Философские идеи Ф. Гёльдерлина и метафора пустоты

К тому же следует сказать, что речь идёт не столько о «знаке», признаке чего-то другого, иной трагедии и другом понимании Божественного смысла вещей, которое пытается осмыслить Гёльдерлин, сколько о самом способе, каким «знак», символ делается именно знаком, об искусстве, вместе с которым он проявляется без того, чтобы можно было предположить существование другого «Я», т.е. сам символ выступает как «чистый» указатель духовного пути человека. Гёльдерлин, таким образом, даёт нам возможность поразмышлять о чистом символе искусства. Этот символ помогает нам сегодня преодолевать всю серьёзность духовных и материальных утрат, наивно предполагая существование другого ещё до его конца, и мы, рискуя простым повторением событий, тем не менее, устремляемся к пониманию знака, символа как «чистой возможности» Другого, Иного, но при этом «Иное» вовсе не является чем-то просто Другим, иным, кроме как возможностью Нового смысла, нового знака или творческого символа. Если у этого знака есть какой-либо шанс дойти до нас и тем самым дать нам почувствовать современную связь с нами же самими, то в таком случае перемещение знака, символа освобождается от всякого движения в обратную сторону, от всякого сходства с его классическим пониманием, символом или метафорой.

Образы, созданные Гёльдерлином, заключают в себе именно только «перемещение» духовного признака. Философская работа Гёльдерлина не довольствуется простым указанием на отказ от трагической смерти героя, от античного решения, которое идёт к нам от греков и завершается диалектическими достижениями нашей философии, самой философской работой. Это – знак иного поиска, иных беспримерных философских исканий, поиска самого языка и метафоры, пригодной для современного бытия.

Такой поиск отклоняется от творческого пути, проделанного человеком до сих пор. Всё совершается так, как будто бы философия Гёльдерлина поворачивается на сто восемьдесят градусов, дабы оторваться от своего «диалектического образа» и продвинуться к своему «чистому» истоку, как будто бы она постоянно испытывает соблазн перейти от диалектического постижения смерти к тому, что уже более вообще не преодолимо, к своему самому «чистому», самому таинственному и одновременно самому чуждому. Ведь чуждое, чужое, если о него наталкиваются творческие потенции, начинает высекать самое «сокровенное» в самом «Я» личности человека. Человек обнаруживает себя как личность, если свои действия умеет ограничить.

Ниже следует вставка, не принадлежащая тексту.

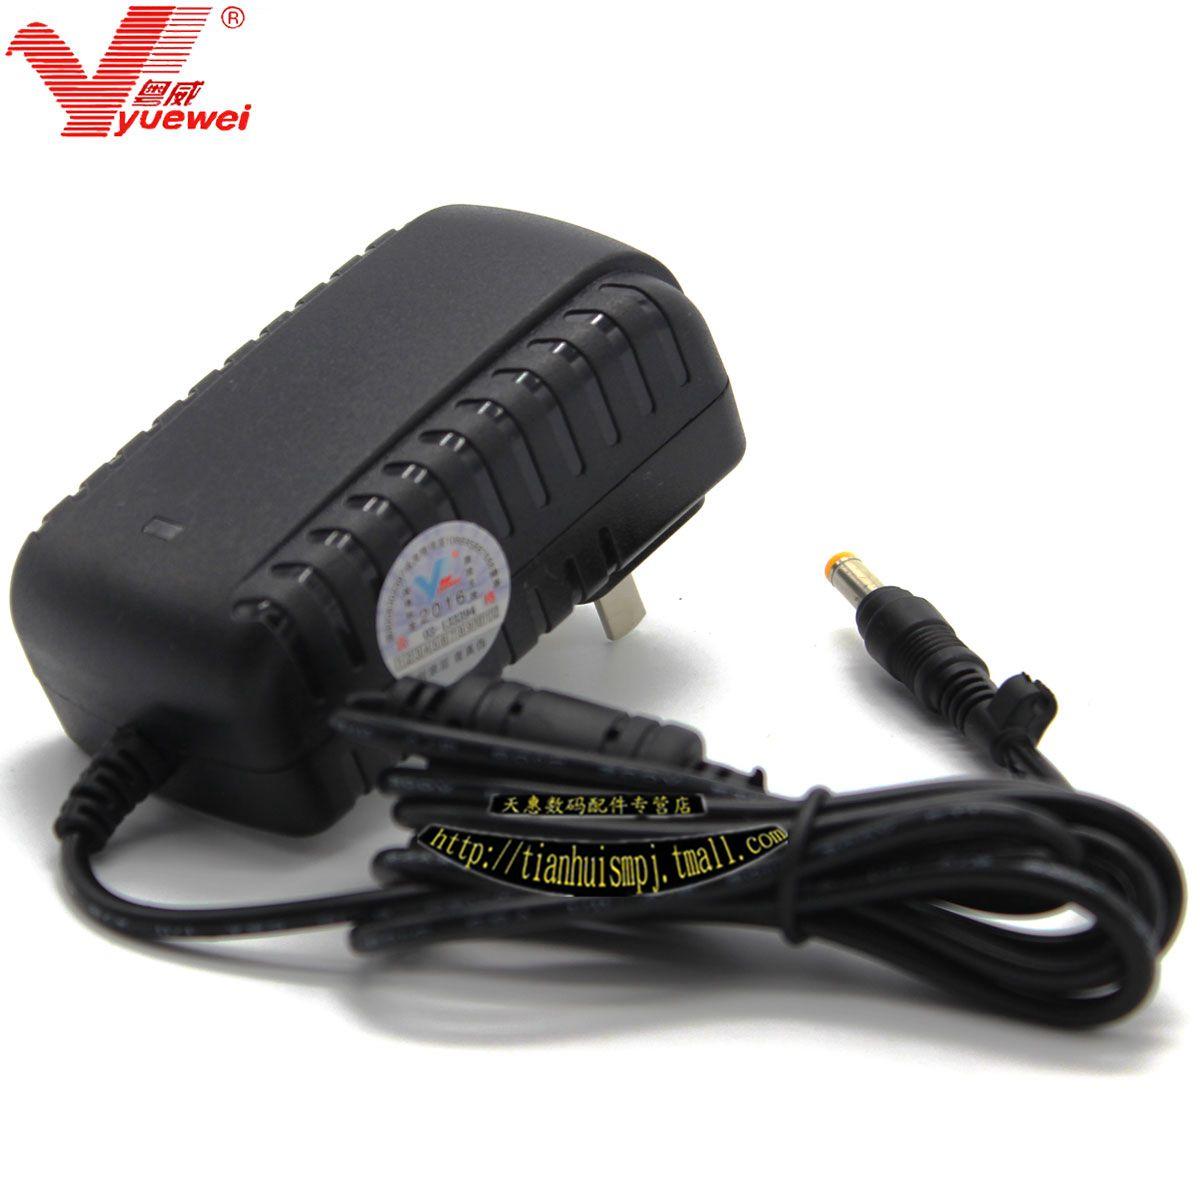 YA-MAN HRF-10T-HK美容仪充电器粤威9V变压器适用HRF-10T-HK电源

Гёльдерлин занят тем, что постоянно актуализирует значение знака, смысла, идущего к нам из будущего; этот «знак», символ мог вообще иметь место в современном сочинении; но только необходимо его иное, более адекватное эпохе представление. Метафора располагается при этом в самом центре данной духовной трансформации: освобождаясь от философского влияния, смысла и настоящего, метафора достигает, наконец, значения «пустоты» и ведёт нас к возможности возникновения современного философского сочинения, в котором смыслы и формы существования людей достигают состояния гармонии.

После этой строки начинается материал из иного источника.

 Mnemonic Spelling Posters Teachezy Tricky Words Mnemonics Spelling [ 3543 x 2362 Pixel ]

Хотя работа над метафорой и является прежде всего философской, её непреходящий образ заключается в том, что философская идея располагается в поэтическом произведении сообразно близости мысли к её поэтическому воплощению, которое остаётся нам лишь разгадать. Метафорический призыв – перенести знак, символ, приблизить его к нам – может пониматься как исключительно философский поиск, и данное понимание раскрывается в основном в своём поэтическом воплощении.

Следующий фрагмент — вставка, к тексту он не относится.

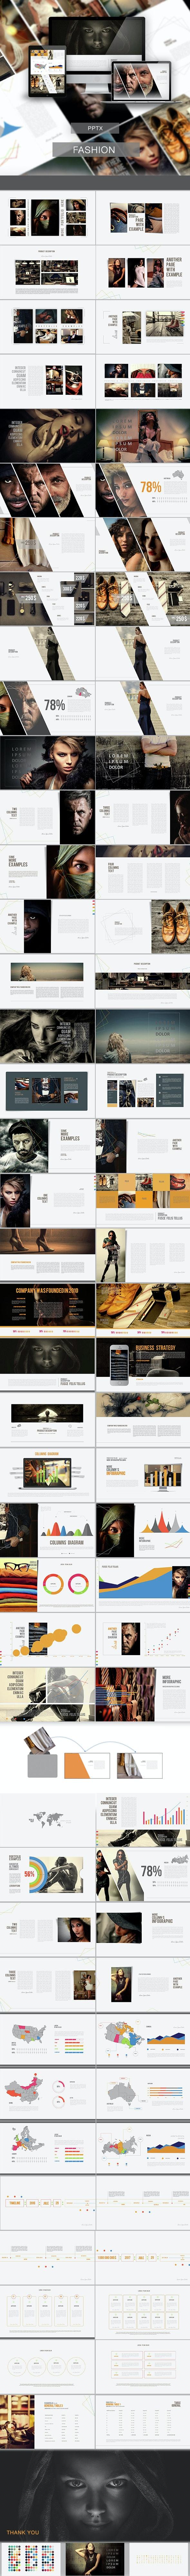 Fashion PowerPoint Presentation - PowerPoint Templates Presentation Templates

Однако продвижение к современности, к современной нам эпохе носит весьма замедленный характер. Если нечто и достигает своего земного воплощения, то это всё же далеко не сама современность, а некий символ. Гёльдерлин отсылает нас лишь к самому «знаку» произведения, т.е. к тому, что раскрывает сам смысл существования и рождает надежду на будущее, более счастливое время. Однако не следует забывать о том, что мы только блуждаем в этом мире по нехоженым тропам, и что сама Вселенная нашего «скитания» раскрывается сообразно чистой метафоричности бытия. Это – язык, чтобы мы не знали даже о самой малости, предусматривает хотя бы какое-то ограничение. Так, обещание счастливого будущего является чем-то живым, абсолютным, но его абсолютность обрекает нас, тем не менее, на суровый конец, на знание окончания действия духовных потенций.

Речь идёт о последней поэтической попытке, предшествующей той, что подчас неудачно называется безрассудством Гёльдерлина, когда он пытается достичь воплощения символа в современном философском сочинении. И это также касается трагедии в том её измерении, где самые последние гимны духовно превосходят всё различие жанров.